Update the policy to be more explicit about the breaking change approval process.

Yes, at this point I'd settle for:

You're expected not to break Flutter, but we have no tools to help you do that, so ¯\_(ツ)_/¯ good luck!

matanlurey avatar Feb 20 '24 23:02 matanlurey

@athomas has explained well what the Dart EngProd team is doing on its CI to catch these breakages. I just wanted to expand on this, with more details and links. But I'm not really making any new points that he didn't, just repeating them.

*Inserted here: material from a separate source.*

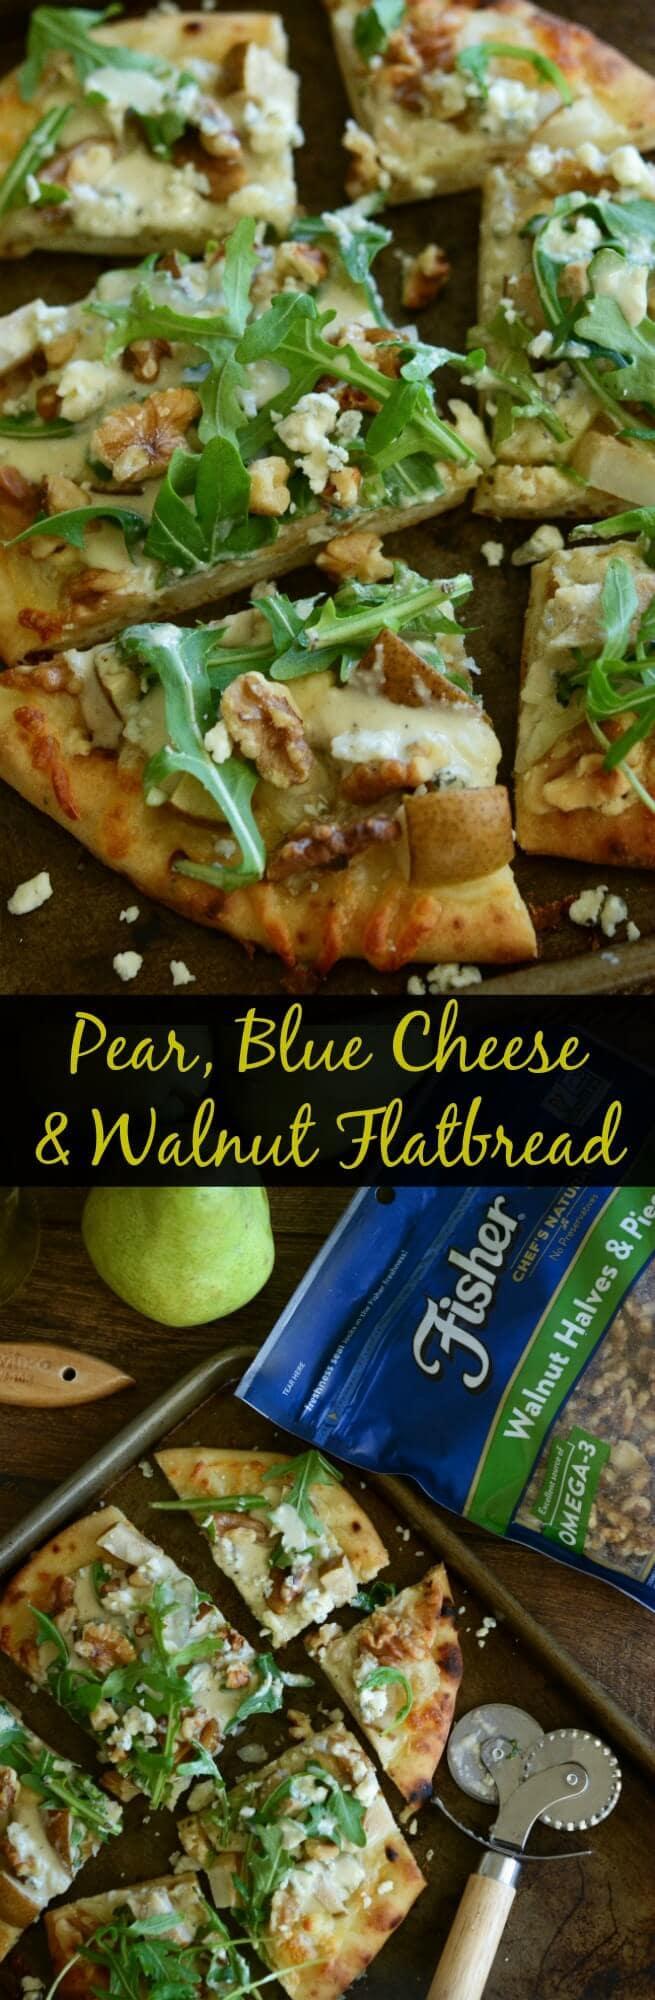 Pear, Blue Cheese & Walnut Flatbread - ready in 20 minutes!

The Dart CI is working to detect breakage in Flutter engine and framework due to SDK changes, and prevent or rollback those changes, in the following ways:

  1. The monorepo roller and CI detects breakages in engine builds and some framework tests, pinning them down to a small range of commits (merged commits from Dart, engine, and framework). It is available as a tryjob for SDK changes, but not added automatically to any changes.
    1. We would like to add it as a tryjob especially to two types of changes: analyzer or linter changes, and DEPS changes. Significant blockers include the latency and resource use of the tryjob, and the tryjob not testing DEPS changes correctly (the monorepo post-submit CI does test them correctly).
    2. Additional framework tests can be added to the monorepo if they are important sources of failures. For example, the customer_tests shard was added recently.
  2. Many of the hardest rollbacks recently have been analyzer, linter, and deprecation changes. These are also not found until they hit framework because Flutter engine CI does not run these framework analysis tests, causing longer rollbacks and latency. I filed issue https://github.com/dart-lang/sdk/issues/54869 about making the Dart CI's flutter-analyze tryjobs and CI match the Flutter framework's analysis tests, and that will be a big start on catching these before they land in the SDK. That issue mentions both fixing the fast flutter-analyze bot, and adding the tests to the slower monorepo bots. These could also be caught when testing the roll of SDK into engine, which would put the least additional resource demands on the system, but would stop them before they land in engine, not before they land in framework. It makes sense that the engine CI has never run framework analysis tests, since no change in engine could break them, but if they were added just to run on SDK rolls, it would be running only exactly when they are needed.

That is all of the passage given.